Researchers observed that from 2010 to 2017, door-to-needle time decreased from approximately 65 to 38 minutes. The median door-to-needle time during the study period was 47 minutes.
Per-minute delay in door-to-needle IV thrombolysis for stroke was associated with:
  • lower odds of 90-day survival (OR = 0.994; 95% CI, 0.992-0.996);
  • higher odds of intracranial hemorrhage within 36 hours (OR = 1.003; 95% CI, 1-1.006);
  • worse functional outcomes for daily living (OR = 1.003; 95% CI, 1.001-1.005);
  • worse functional outcomes for living conditions (OR = 1.004; 95% CI, 1.002-1.005); and
  • worse mobility at 3 months (OR = 1.004; 95% CI, 1.003-1.006).
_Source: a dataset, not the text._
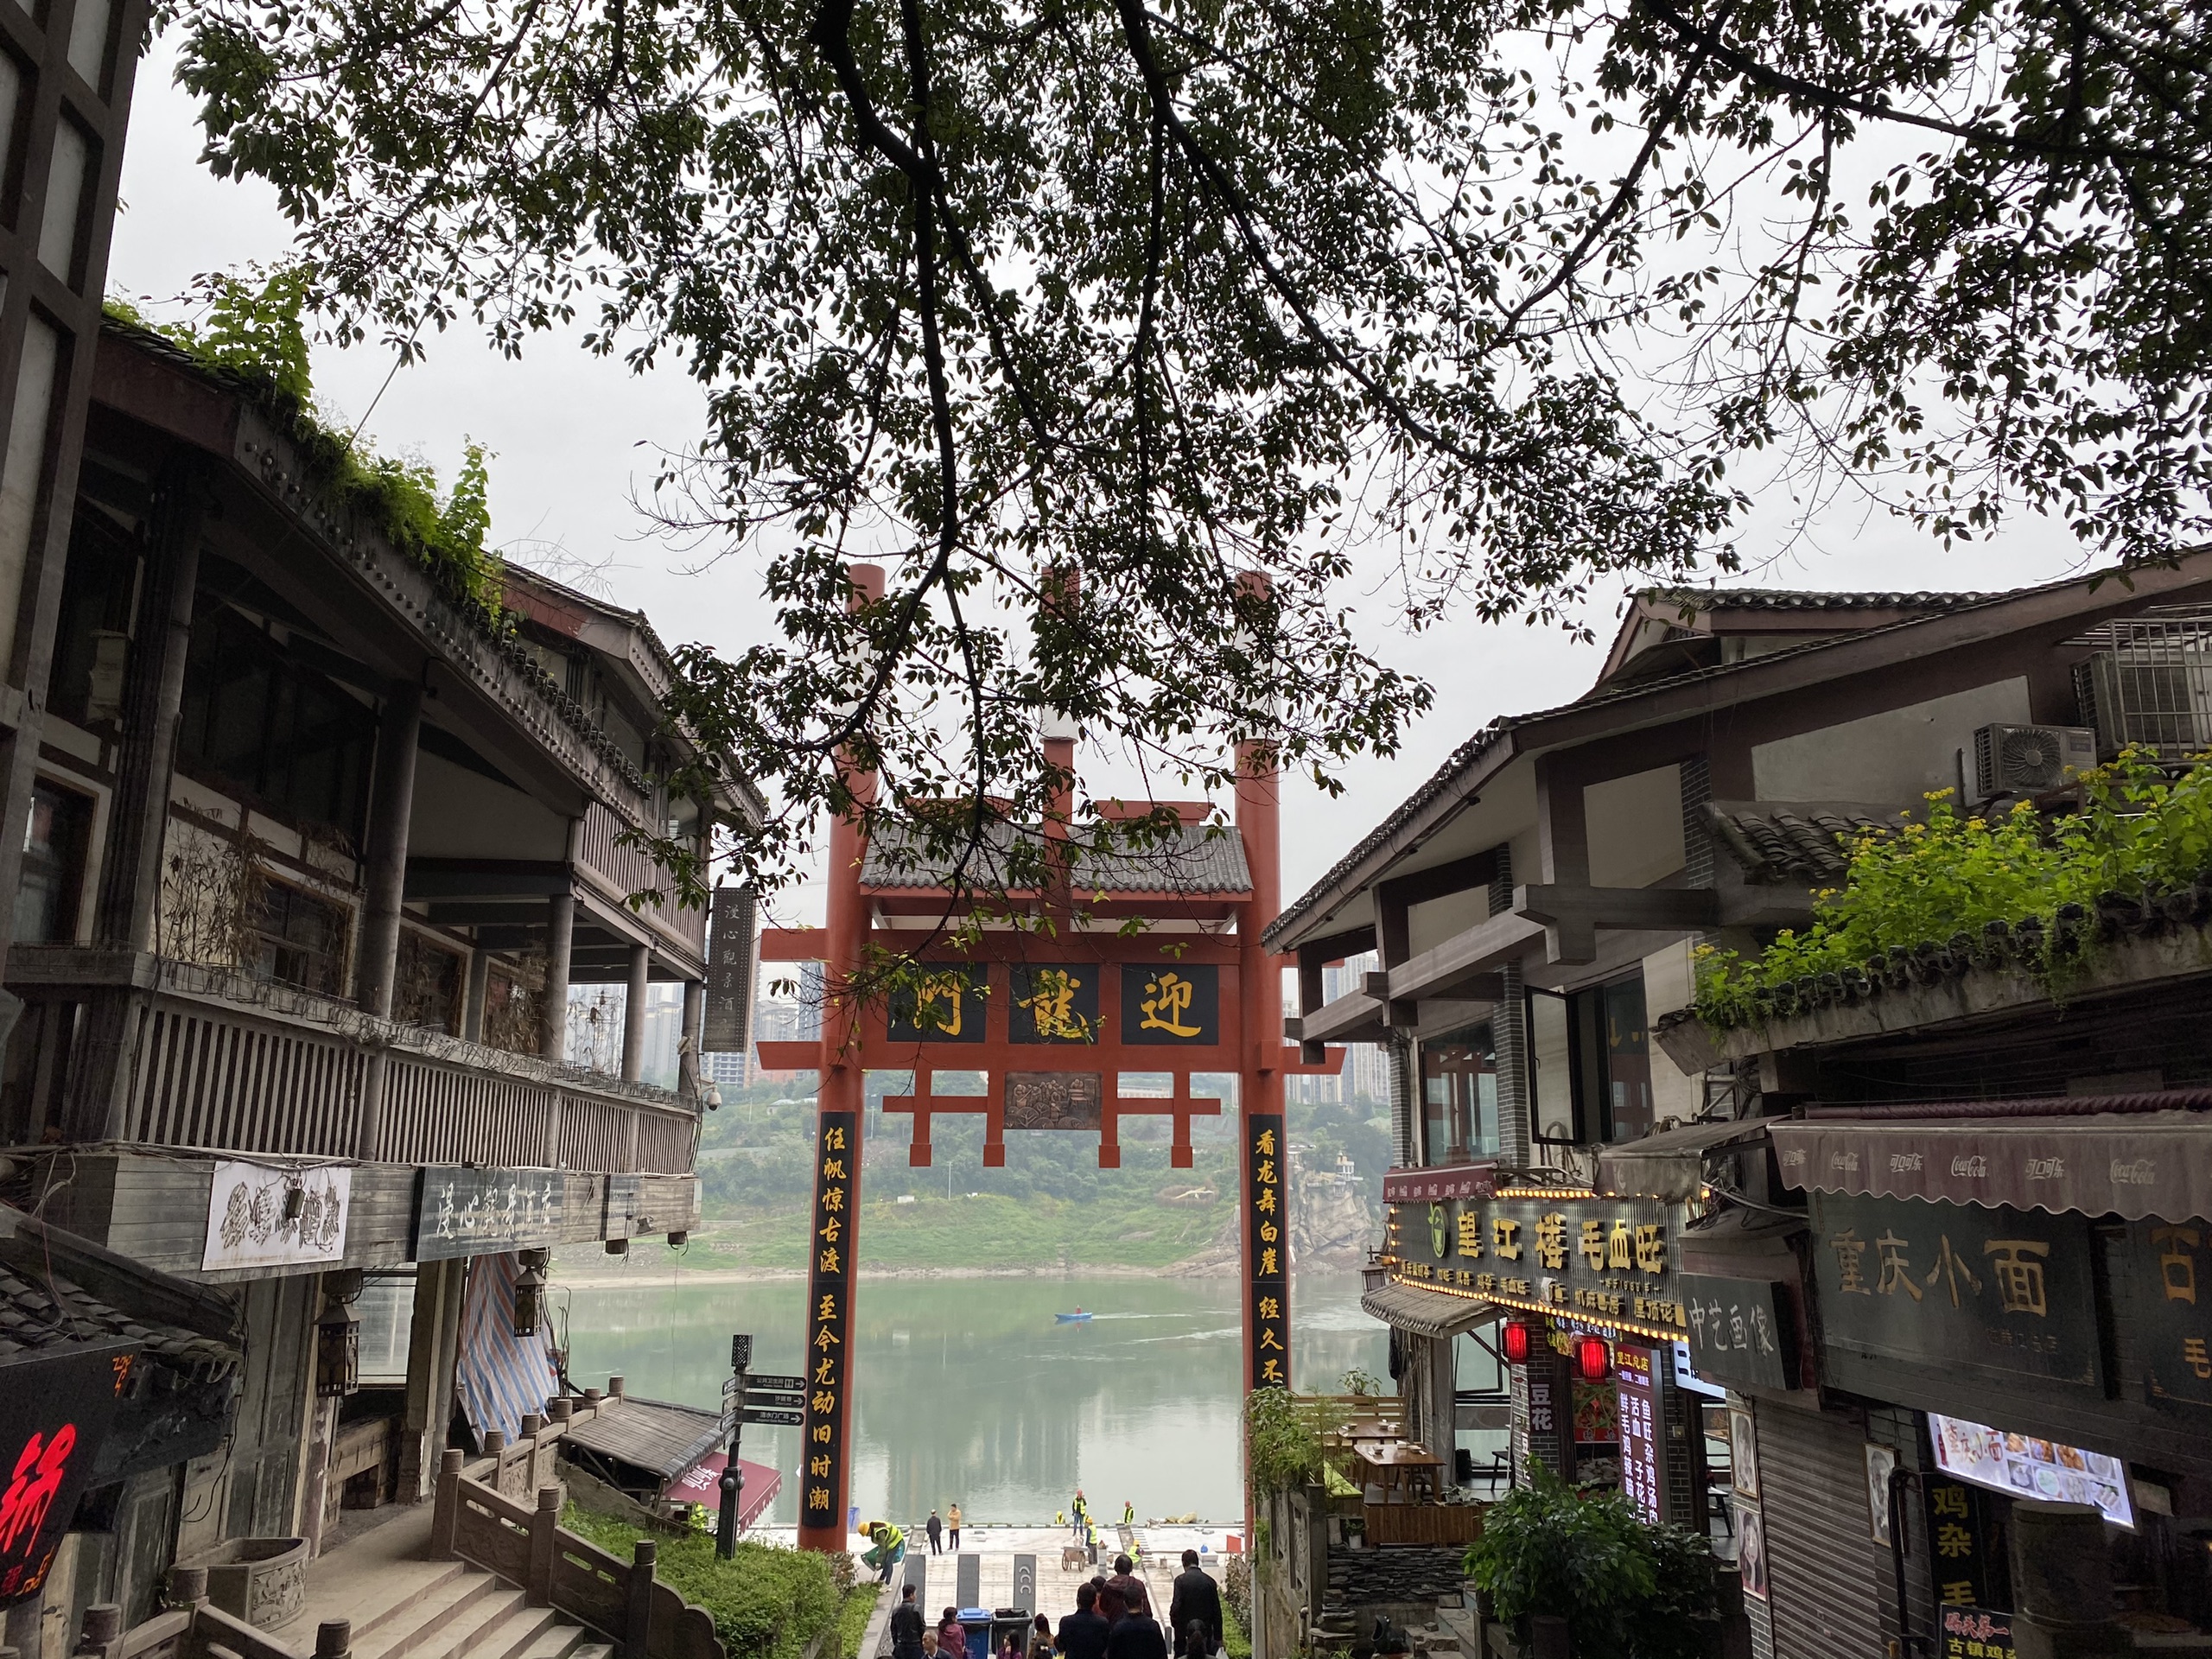 一条石板路，千年磁器口，是重庆古城的缩影和象征，被赞誉为“小重庆”，除了人多没毛病

“The finding that higher age, higher NIH Stroke Scale, and longer onset-to-door time was related with shorter door-to-needle time, explain why the results showed only after adjustment for confounders,” the researchers wrote. “Before 2014, patients older than 80 years were not eligible for IV thrombolysis; hence, most of these patients were included in the later part of the study, which may explain the relationship for age. Delays related to NIH Stroke Scale and onset-to-door time should be possible to target in future quality improvement efforts aiming to achieve a quick and correct stroke diagnosis.”